Satu contoh yang mudah dan sering dialami adalah pada saat menunggu teman yang membuat janji. Misalkan saja si teman tersebut datang terlambat. Biasanya sambil menunggu si teman muncul pikiran negatif, “dasar si tukang ngaret, kerjaannya ngaret terus..”, sumpah serapah mungkin akan keluar dari mulut. Akibatnya waktu menunggu tersebut akan habis dengan pikiran jelek, sumpah serapah, amarah dan mungkin do’a yang buruk pula. Sungguh waktu luang yang sia-sia karena habis untuk aktivitas negatif. Pikiran dan hatinya penuh dengan hal negatif yang sesungguhnya tidak ada manfaatnya.

Dalam kehidupan sosial contoh kasus prasangka negatif akan sangat banyak ditemui. Tak jarang pula, hal ini yang memicu perkelahian antar penduduk. Bahkan puncaknya bisa berakibat tindak kekerasan yang berakhir dengan munculnya korban jiwa. Hal seperti ini pernah terjadi di sampit, Kalimantan timur, dimana terjadi perkelahian antara warga pribumi dengan warga pendatang asal Madura.

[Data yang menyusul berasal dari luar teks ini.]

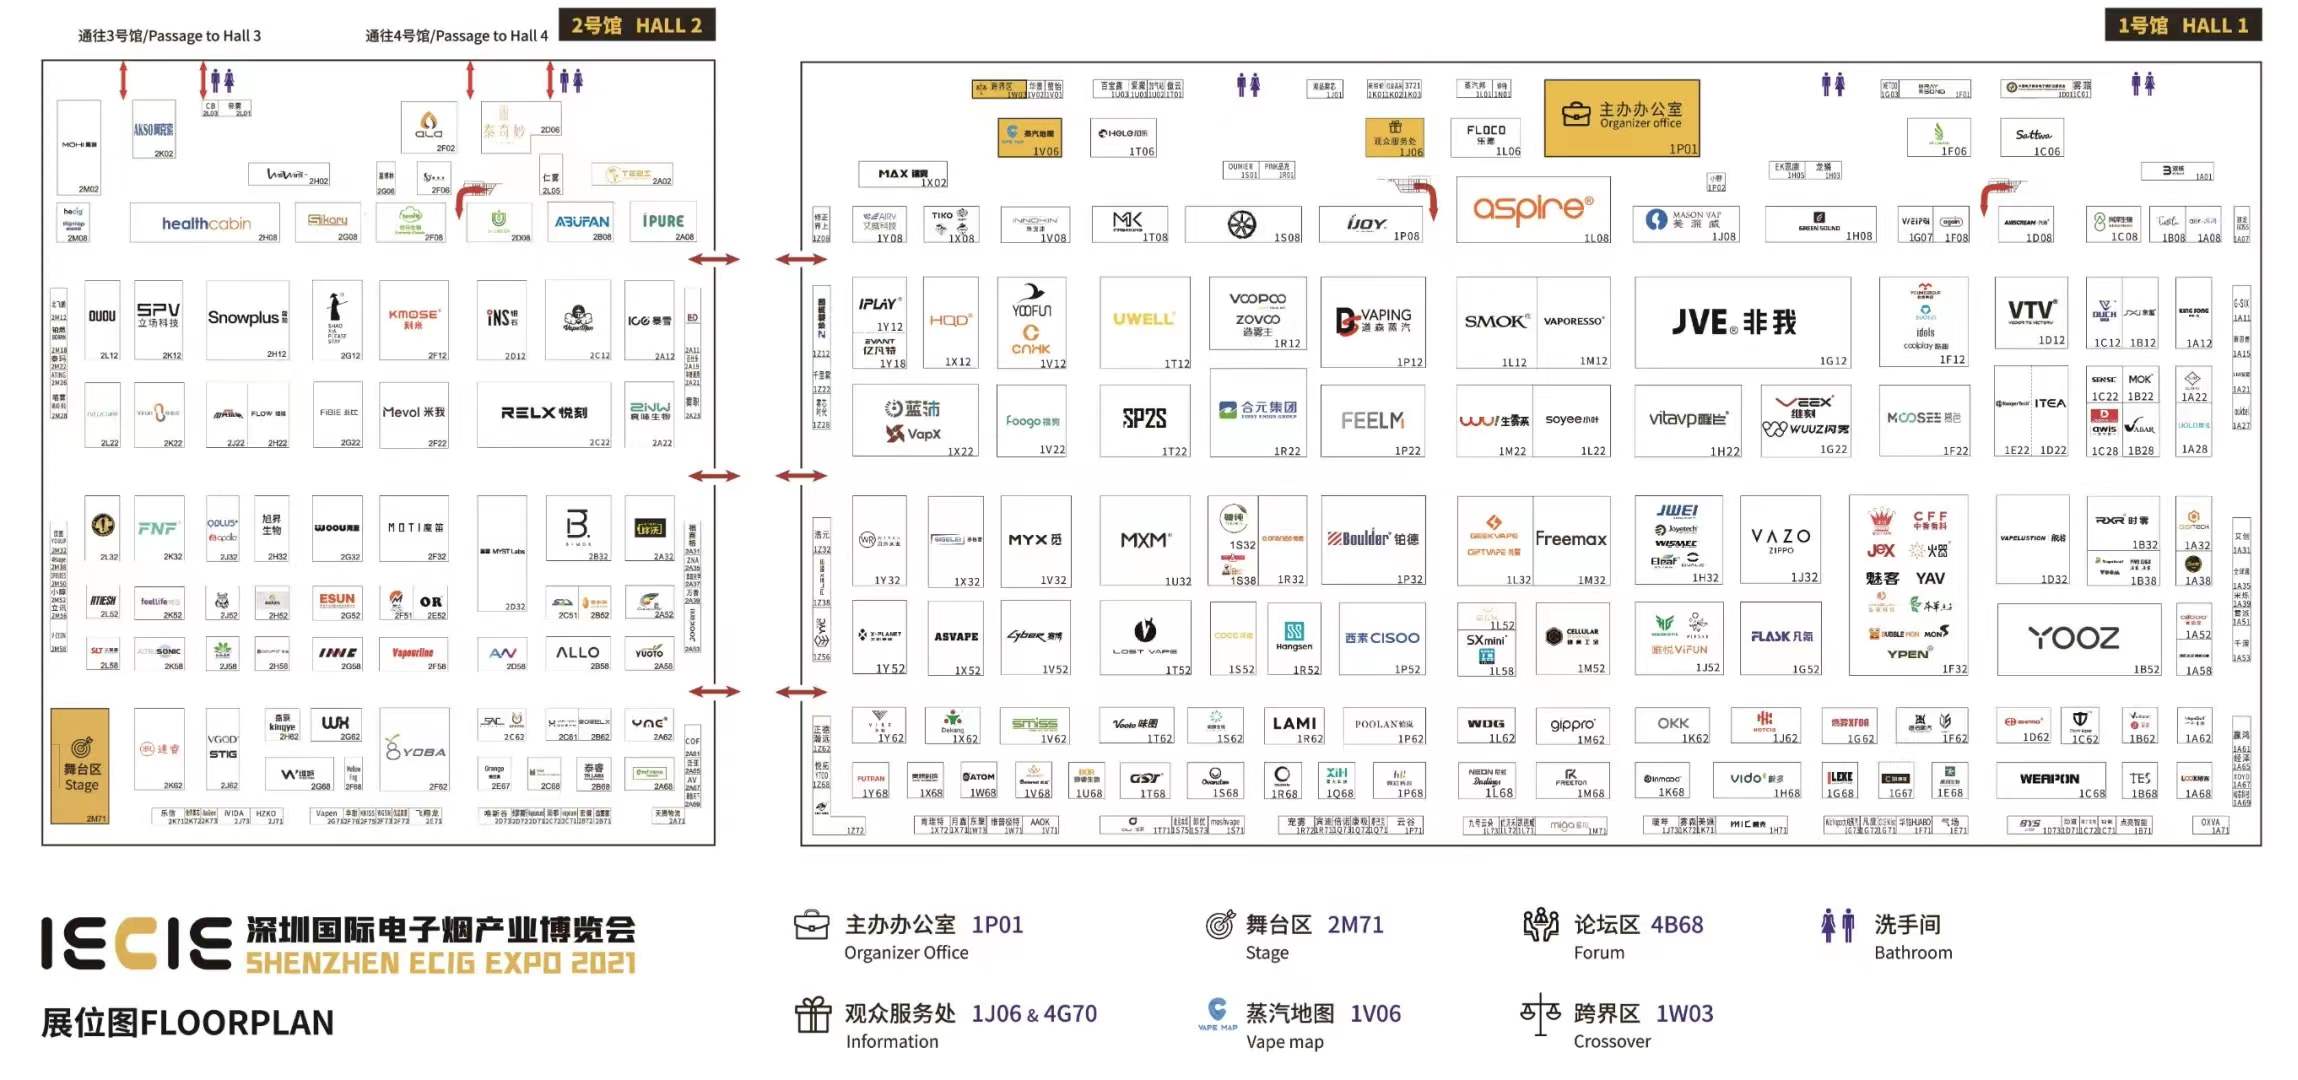 Plan d'étage de l'exposition E-cig de Shenzhen 2021
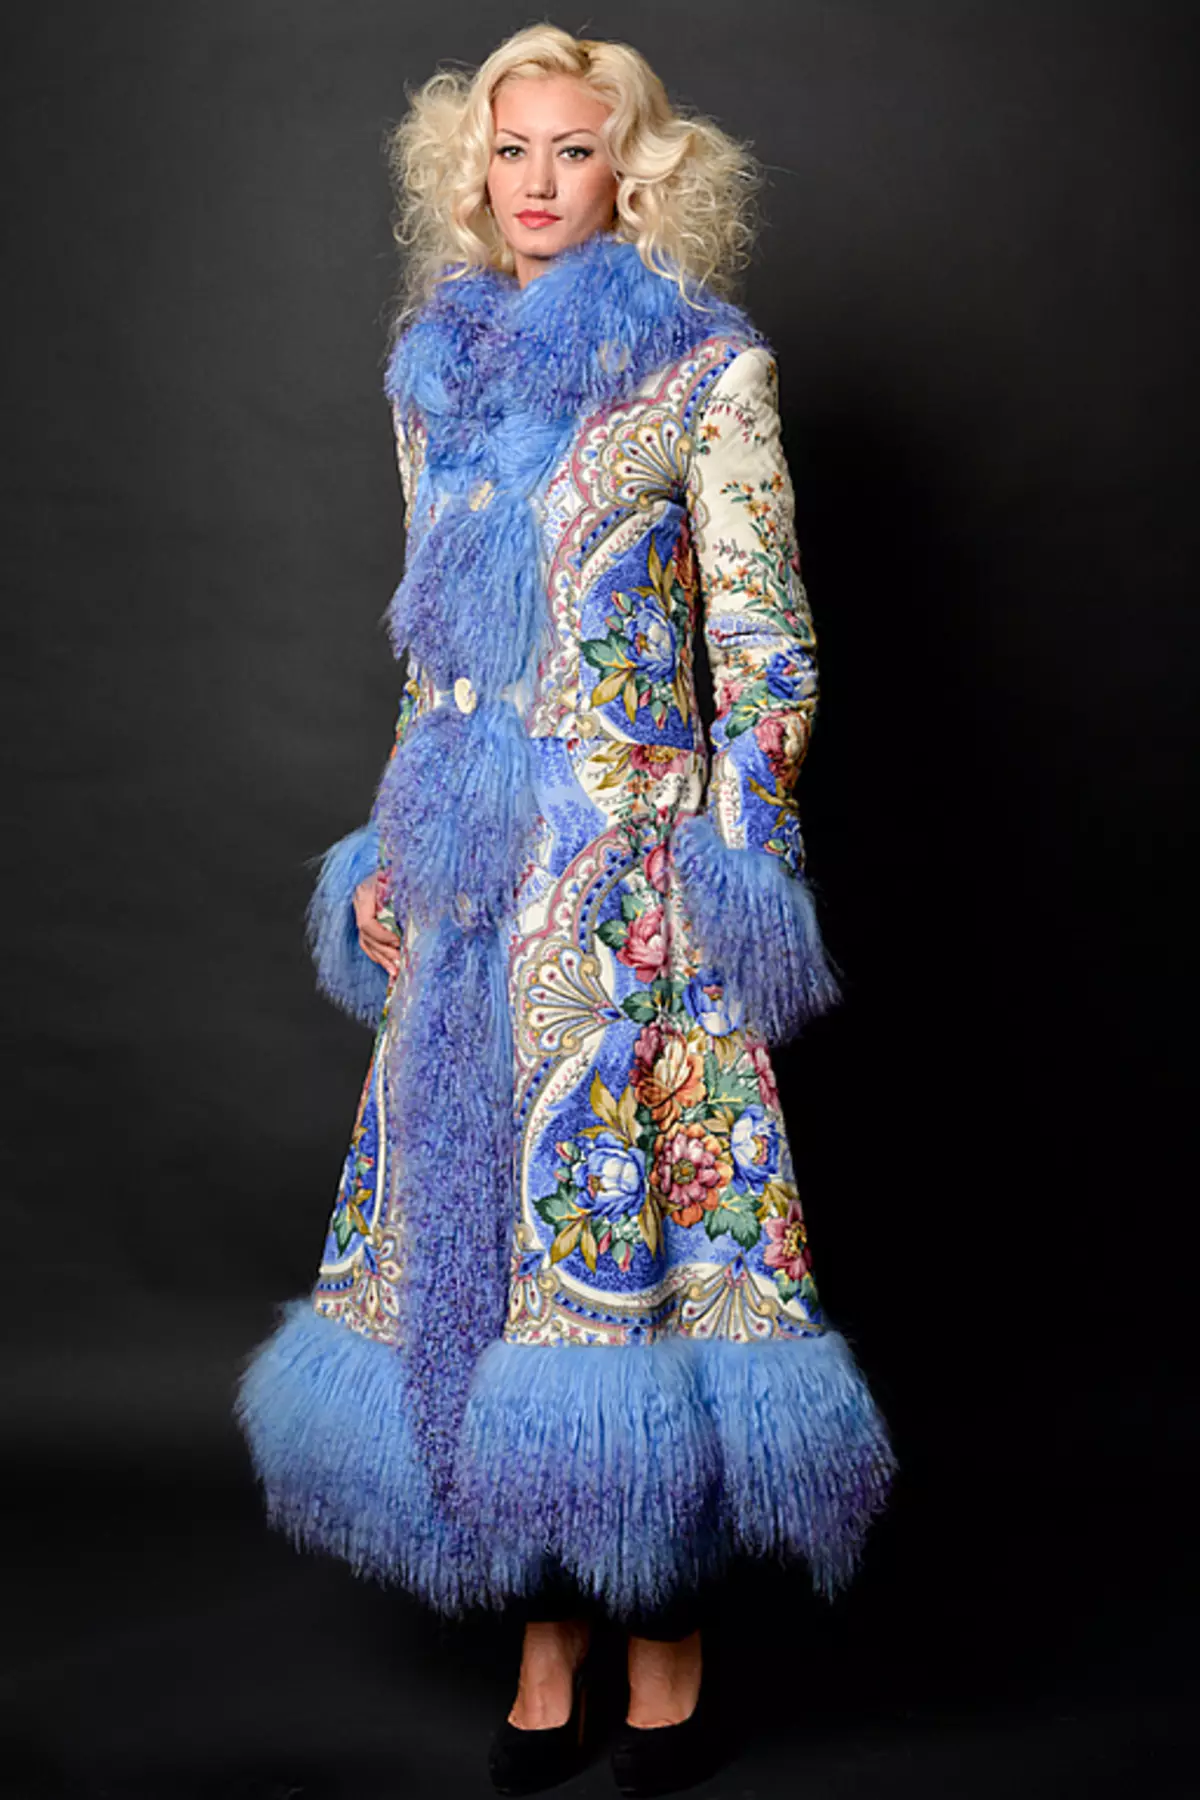 Mantel von Pavloposad-Muschaten (29 Fotos): Binden Sie ein pavelopospalstiges Taschentuch auf einen Mantel 484_4
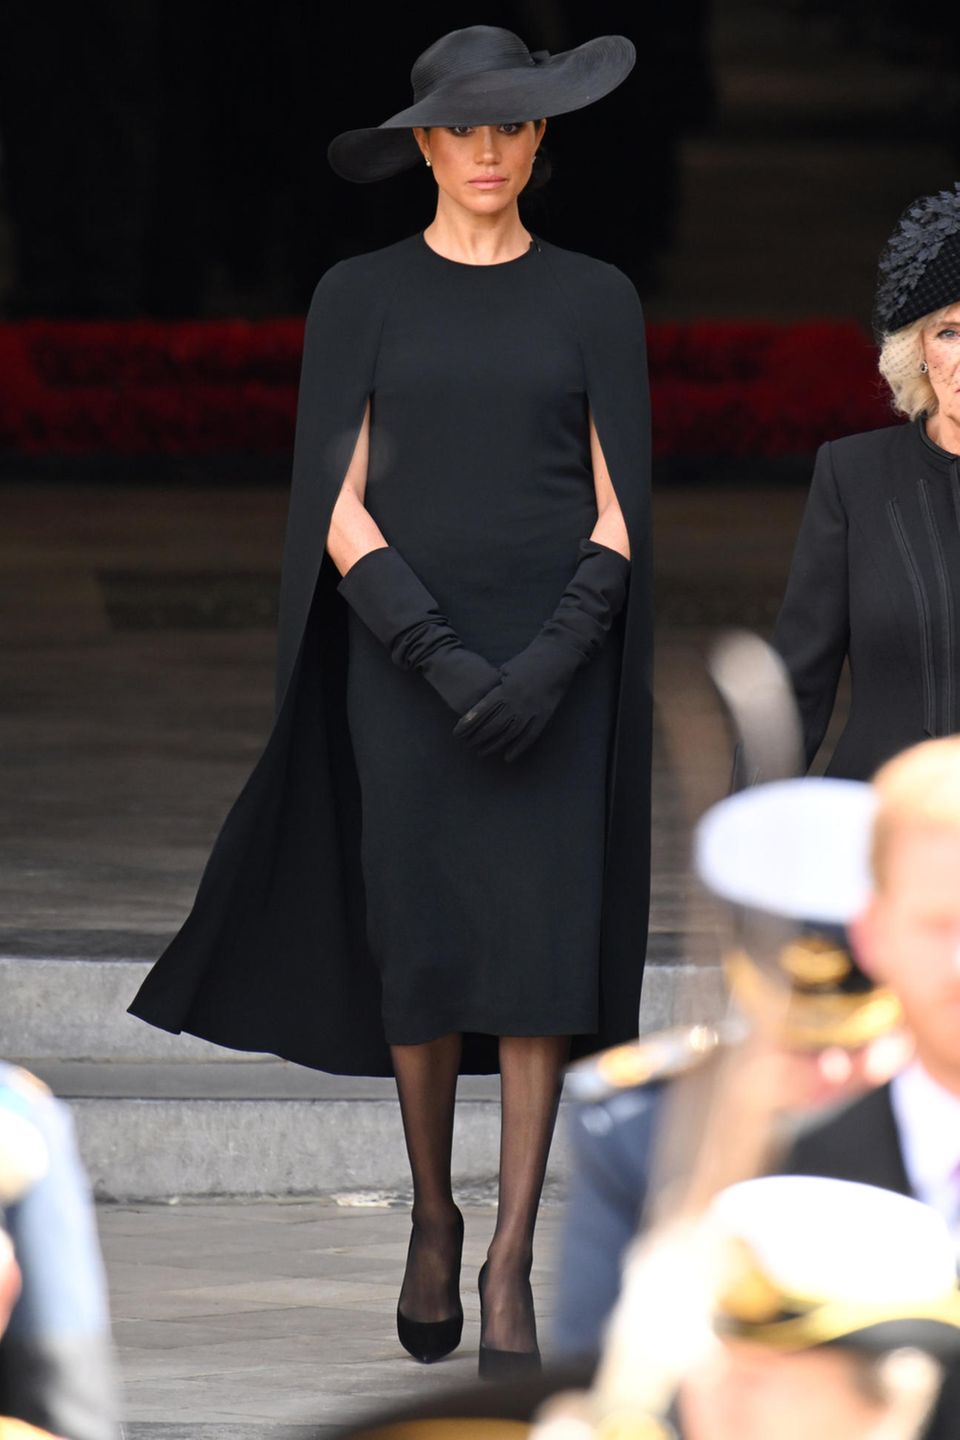 Herzogin Meghan trifft bei der Beerdigung von Queen Elizabeth ein. Die Frau von Prinz Harry trägt ein Cape-Dress von Stella McCartney in Midilänge, dazu eine schwarze Strumpfhose sowie einen schwarzen Hut von Dior. Um ihre Arme zu bedecken, greift Meghan in der Kirche zu langen schwarzen Handschuhen.

Allah Subhanahu wata’ala telah mengingatkan mukmin di dalam Al Qur’anul Karim mengenai prasangka negatif ini.
“Hai orang-orang yang beriman, jauhilah kebanyakan prasangka (kecurigaan), karena sebagian dari prasangka itu dosa. Dan janganlah mencari-cari keburukan orang dan janganlah menggunjingkan satu sama lain. Adakah seorang diantara kamu yang suka memakan daging saudaranya yang sudah mati? Maka tentulah kamu merasa jijik kepadanya. Dan bertakwalah kepada Allah. Sesungguhnya Allah Maha Penerima Taubat lagi Maha Penyayang.”

Dalam tafsirnya, ibnu katsir ra. mengatakan bahwasanya Allah SWT melarang mukmin untuk berprasangka negatif tentang suatu keluarga dan orang lain pada umumnya. Kecurigaan atau prasangka negatif ini dilarang apabila dilakukan tanpa dasar yang jelas. Umar bin khatab ra. berkata “jangan pernah berpikir negatif terhadap perkataan yang dikeluarkan oleh saudara seiman, selama dapat menemukan alasan yang baik untuk itu. Maksud khalifah umar ra. adalah seorang mukmin tidak boleh berprasangka buruk atas apa yang terjadi pada saudaranya. Mukmin tersebut harus mengalihkan pikirannya agar tidak berpikir negatif dengan jalan mencari alasan yang baik.

Rasulullah SAW. Bersabda: “waspadai prasangka buruk, prasangka adalah sejelek-jeleknya pernyataan palsu. Jangan mengintai kesalahan orang lain, jangan mencari-cari kesalahan orang lain, jangan dengki satu sama lain, jangan iri hati terhadap satu sama lain, jangan membenci satu sama lain, dan jangan mengelakkan satu sama lain. Dan wahai hamba Allah, jadilah kalian bersaudara!” (HR Mutafaqun ‘alaih dan abu dawud).
Mencegah diri dari segala prasangka negatif haruslah menjadi suatu bagian dari prinsip hidup seorang mukmin. Telah jelas petunjuk yang Allah SWT dan Rasul-Nya berikan mengenai larangan perbuatan hati yang satu ini. Tali persaudaraan akan rusak ketika prasangka buruk ini mendominasi pikiran seorang mukmin. Dan jika prasangka buruk ini telah menjadi suatu kebiasaan maka sudah dapat dipastikan kehidupannya penuh dengan kegelisahan. Hari-harinya dihabiskan dengan memikirkan kesalahan orang lain. Hidup penuh dengan kecurigaan dengan sesama adalah hidup yang penuh dengan penderitaan.